● About this task:
In the entries below, find the line with "enclave power armor" and the line with "Vnf-00009 Minimalista Single"; copy them and every line between them exactly, but not the pictures.

● Data under study:
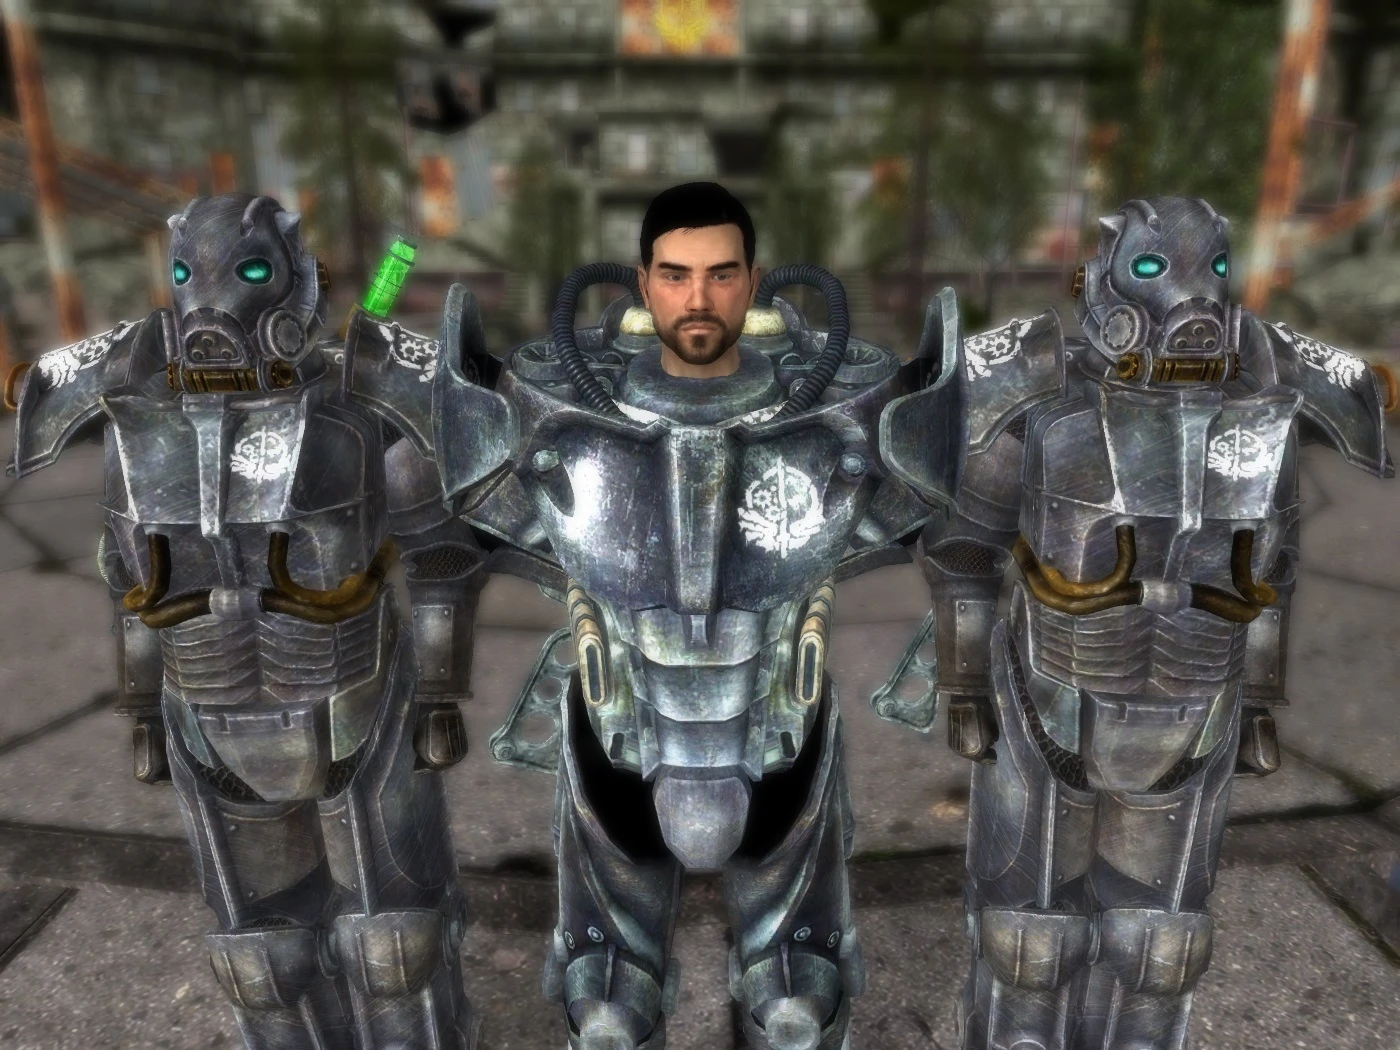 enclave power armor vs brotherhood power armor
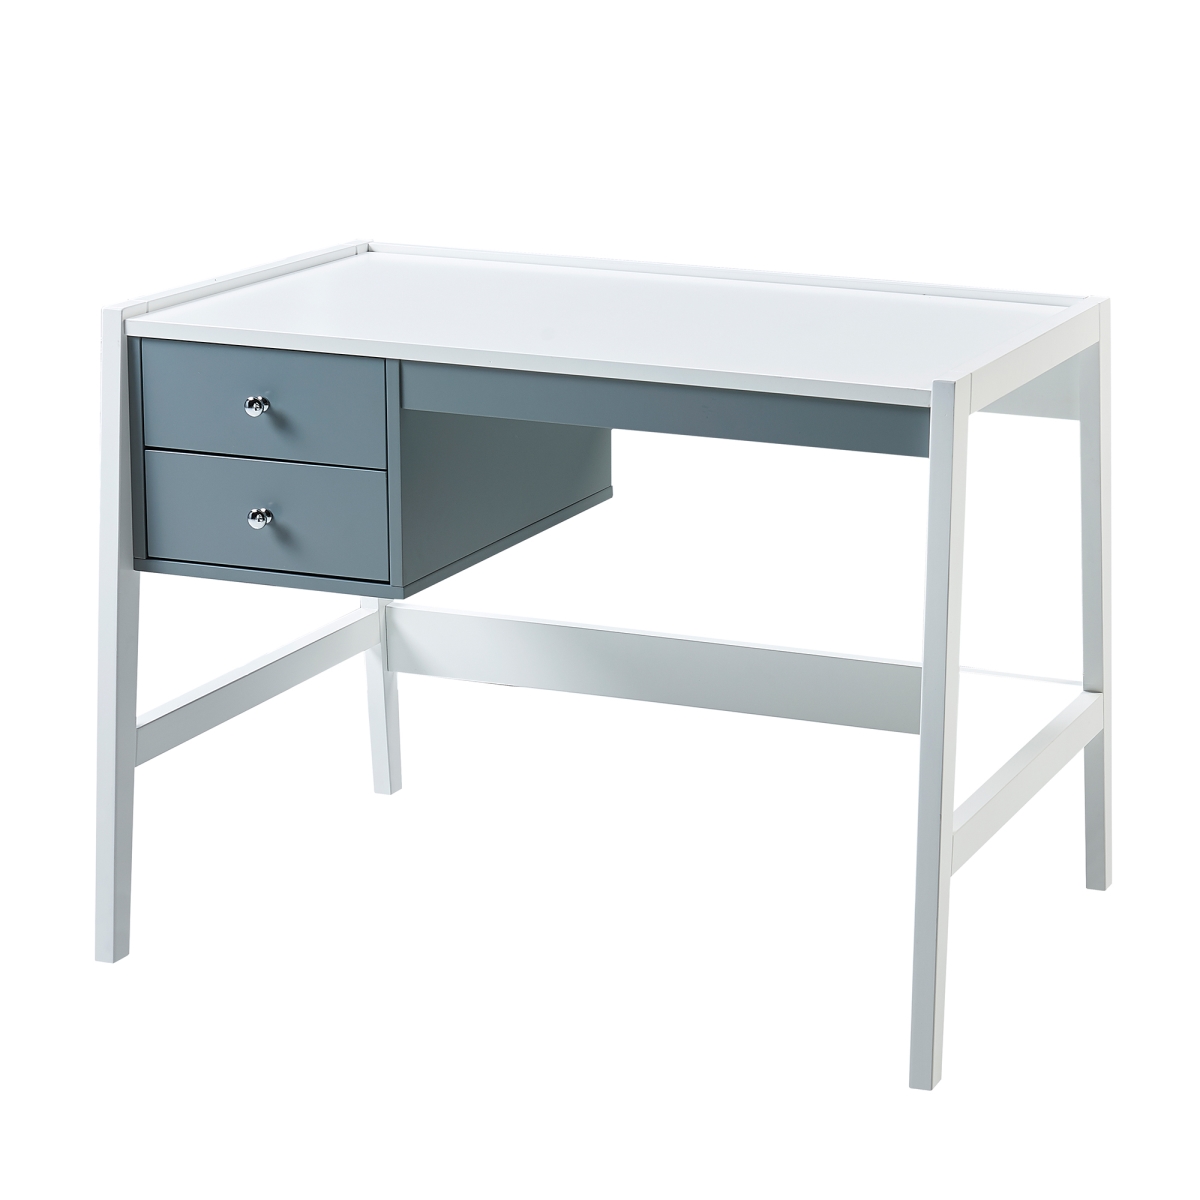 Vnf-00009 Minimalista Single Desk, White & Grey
* * *
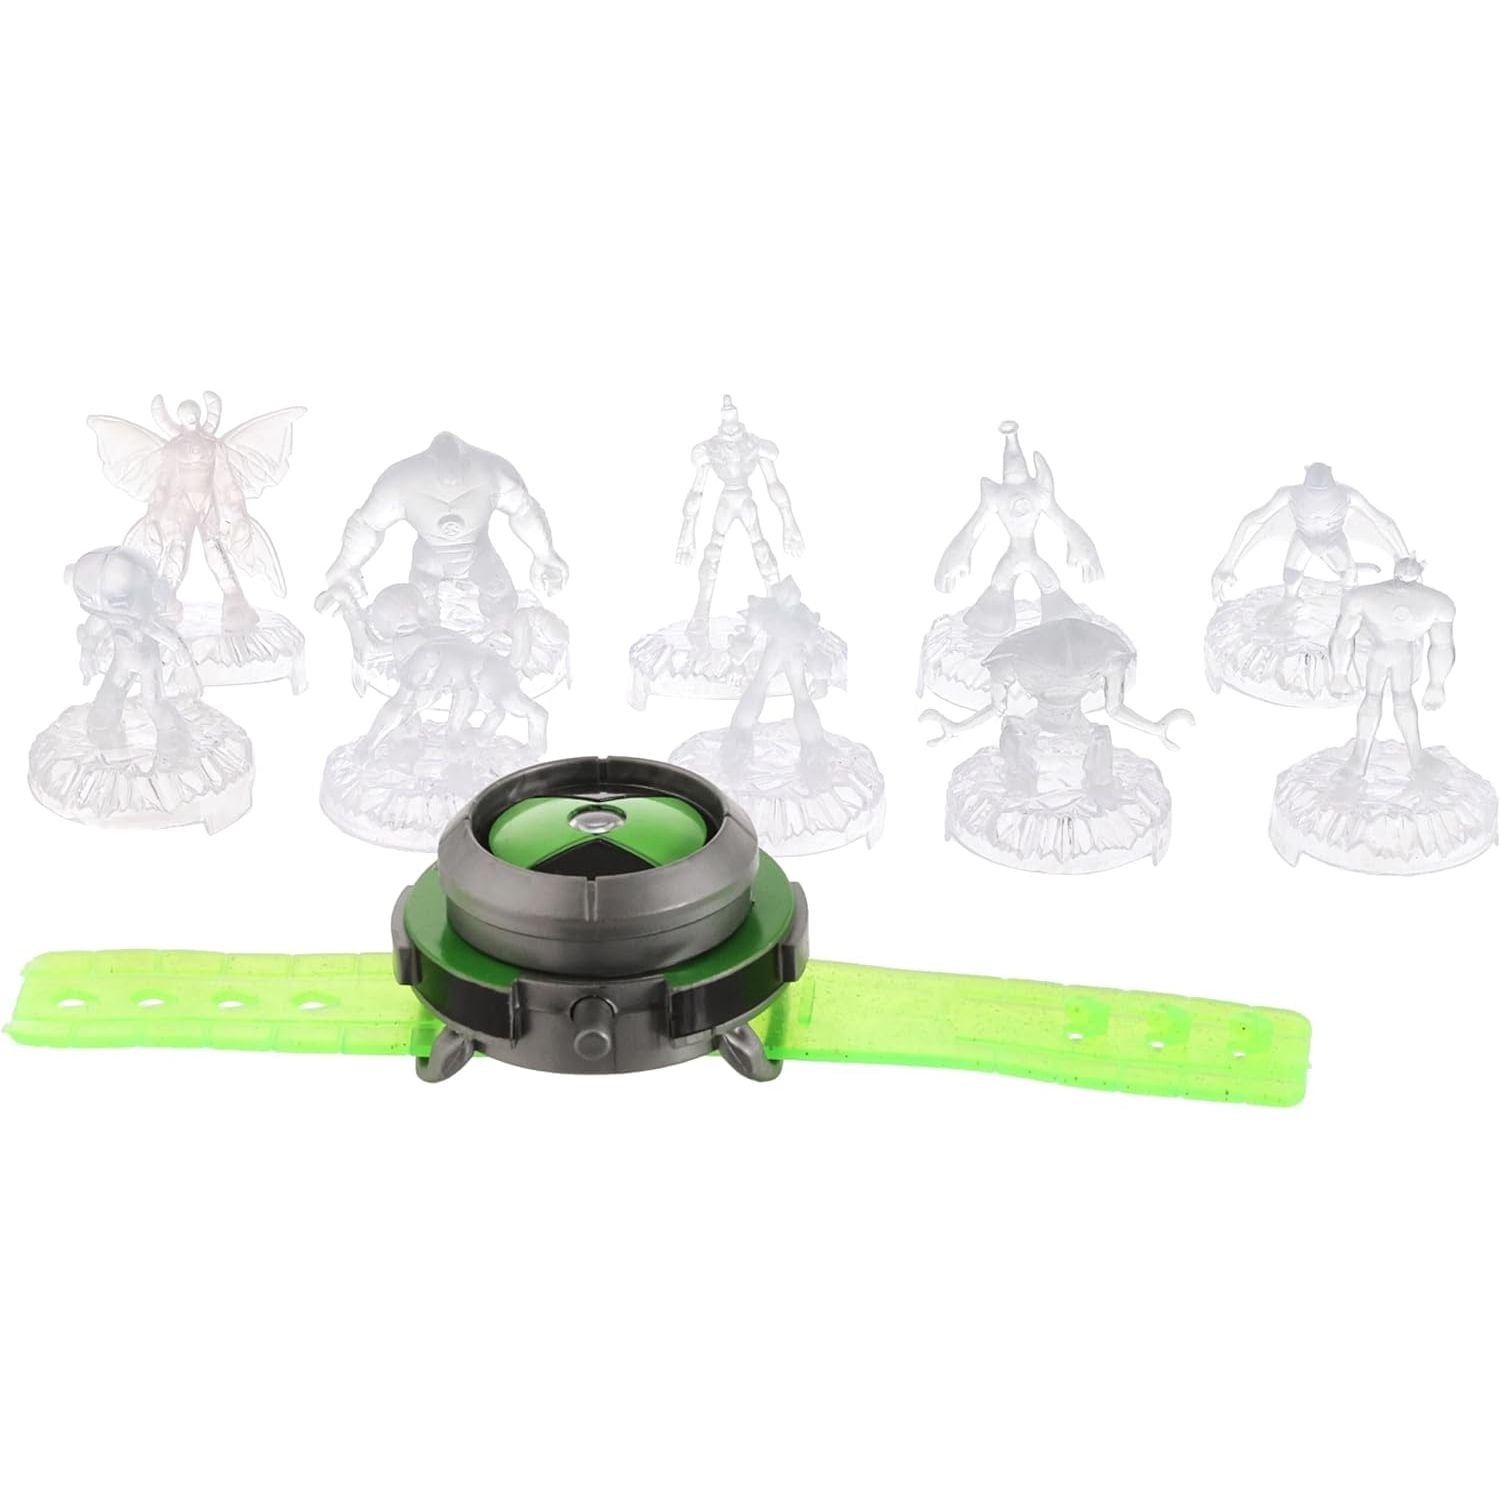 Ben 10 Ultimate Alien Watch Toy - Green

● Solution to this problem:
 enclave power armor vs brotherhood power armor
 Vnf-00009 Minimalista Single Desk, White & Grey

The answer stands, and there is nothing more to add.